Utah professors: University president abused his position by defending natural marriage
OREM, UT, May 6, 2015 (LifeSiteNews.com) -- Utah Valley University (UVU) has become the latest front in the simmering debate over the definition of marriage.
On Saturday, over 100 UVU faculty members, calling themselves "(More than) 100 Scholars Committed to Diversity and Inclusion," penned a letter for the Salt Lake Tribune blasting their university's president, Matthew Holland, for his support of marriage defined as between one man and one woman.
Holland had added his signature to an amici curiae brief filed with the Supreme Court in Obergefell v. Hodges, a consolidation of four cases for which the Court will rule on the constitutionality of redefining marriage to include same-sex couples. The brief, filed by Gene Schaerr on behalf of "100 Scholars of Marriage," alleges, among other things, that redefining marriage "creates enormous risks to society, especially to children of opposite-sex couples." Schaerr is the lawyer the state of Utah hired to defend its constitutional marriage amendment in 2014.
Among signatures from experts in law, family medicine, and pediatrics, the brief includes "Holland, Dr. Matthew S., University President and Professor of Political Science, Utah Valley University."
The UVU signatories to the Tribune response letter reacted with outrage to Holland's involvement with the brief. Among other complaints, they claim that Holland abused his position at the university.

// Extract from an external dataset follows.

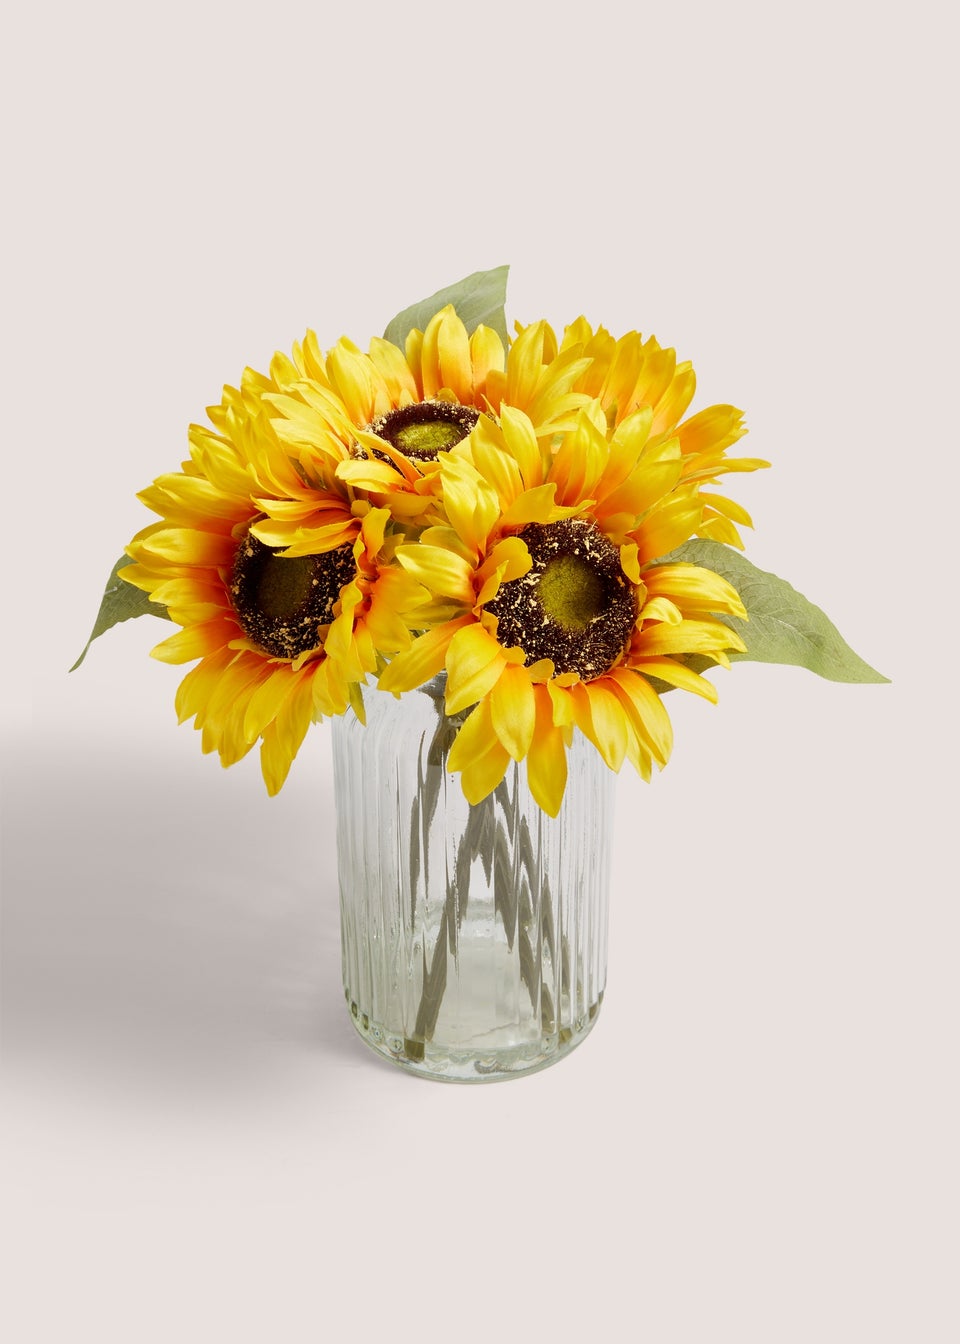 Blooms That Last: Maximizing the Lifespan of Sunflowers in a Vase插图3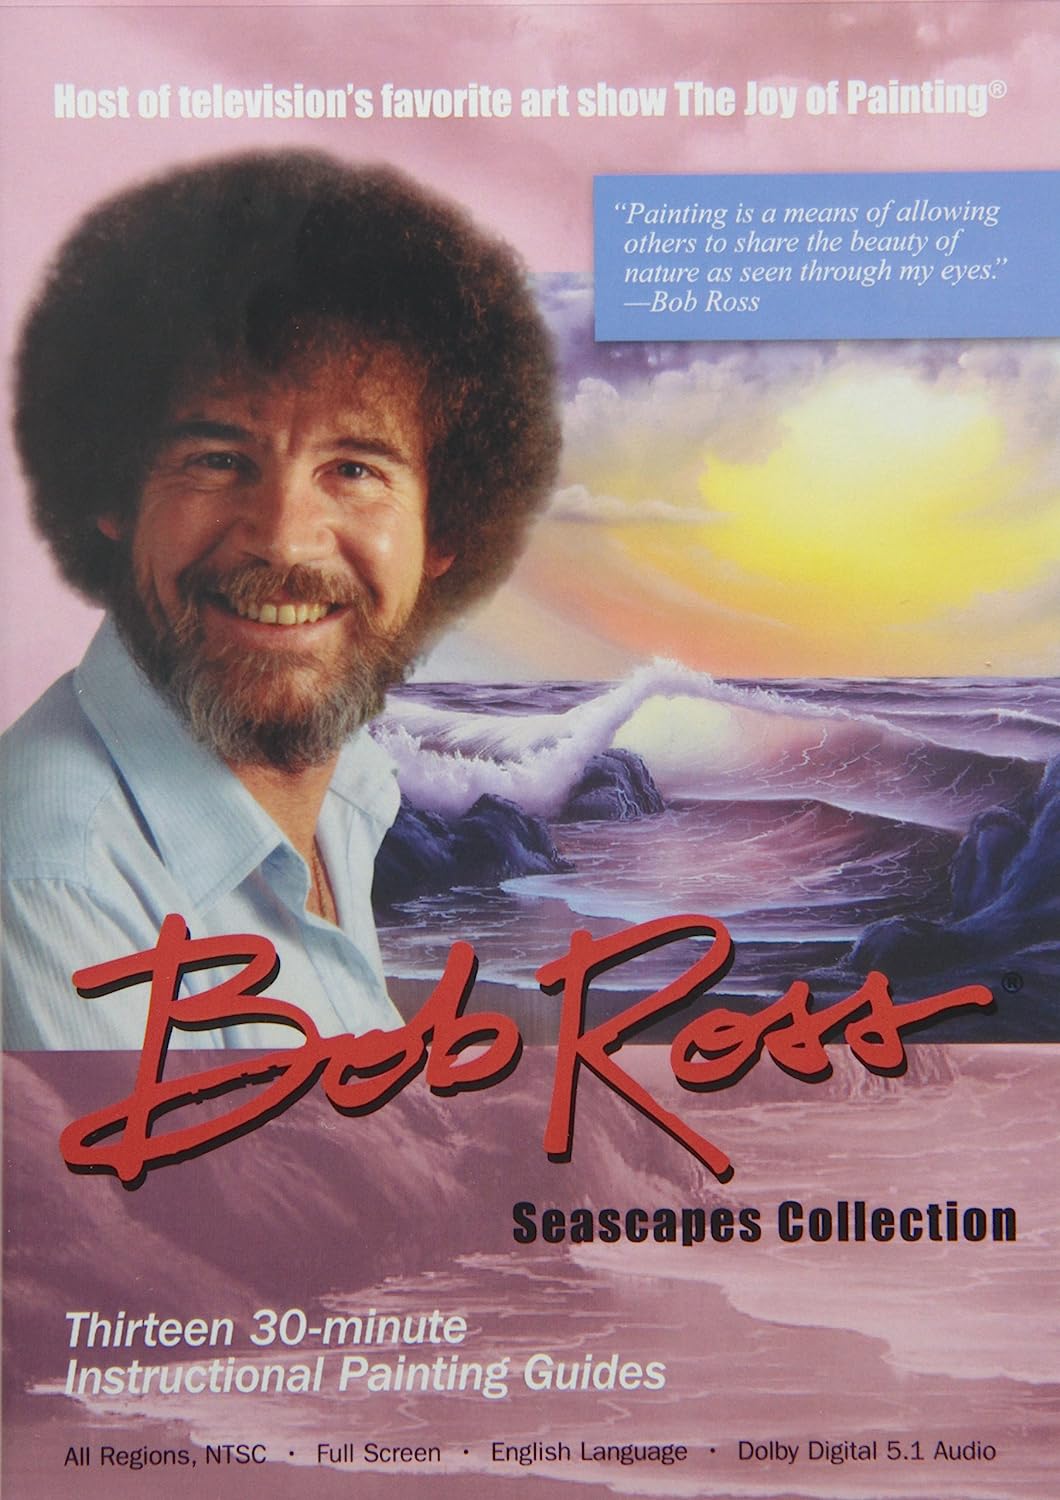 Bob Ross Joy of Painting: Seascape Collection

The faculty letter reads in part:
All of us, including our university president Matthew Holland, have the right to speak publicly as private citizens on controversial issues. However, as the public face of UVU to the larger community, Holland has a special responsibility to avoid public pronouncements that would harm his ability to carry out his duties as president of a state university officially committed to "diversity and inclusion."
The quoted words "diversity and inclusion" refer to a response to the controversy issued by Holland's office: "As the brief clearly indicates, Matthew Holland's title was used for identification purposes only. He was signing as an individual and not in any capacity on behalf of Utah Valley University." Furthermore, "Matthew Holland has always championed on campus, diversity and inclusion mean creating an environment of genuine respect and civility for all people in the exercise of strong and different beliefs, and from different backgrounds[.]"
One professor told the Salt Lake Tribune that Holland's signature has "cast colic" among homosexuals on campus, who, per the professor, constitute "a substantial portion of our students." Another insisted that "because he's the president, [Holland], in a way – whether he likes it or not – speaks for the institution[.]"
The Foundation for Individual Rights in Education (FIRE) believes that Holland was within his rights to sign the brief: "University presidents may hold and voice opinions," a spokesperson told LifeSiteNews, "and they possess their own First Amendment right to freedom of expression." However, "[t]hey should also be careful to avoid the appearance of speaking on behalf of their institution when speaking as a private citizen, as the risk of the appearance of institutional endorsement is greater when the speaker is a high-level university administrator."
FIRE concluded that "in this instance, President Holland signed the brief in his personal capacity."
Brian Brown, president of the National Organization for Marriage (NOM), condemned the "intolerance" of the UVU faculty. Brown decried a culture in which "those who disagree" with the longstanding definition of marriage "should be shamed and shunned, pushed to the margins of society[.]" He added, "I hope that the U.S. Supreme Court takes note of this development, because if they vote to redefine marriage, this type of intolerance will become commonplace."
Utah's constitutional marriage protection amendment was struck down by U.S. district judge and Obama appointee Robert J. Shelby in December 2013. The U.S. Supreme Court, at the behest of Utah's governor, Gary Herbert, halted implementation of the ruling after the Denver-based 10th Circuit Court of Appeals refused two requests for a stay. The 10th Circuit's refusals resulted in legal chaos, with the state of Utah having to refuse to recognize over a thousand marriage licenses given to same-sex couples between the December 23 Shelby ruling and the January 6, 2014 Supreme Court stay. (The Obama administration, meanwhile, pledged to recognize the licenses as valid.) The 10th Circuit followed up by ruling 2-1 with Shelby in June 2014.
Two months later, a different federal judge struck down Utah's law against polygamy.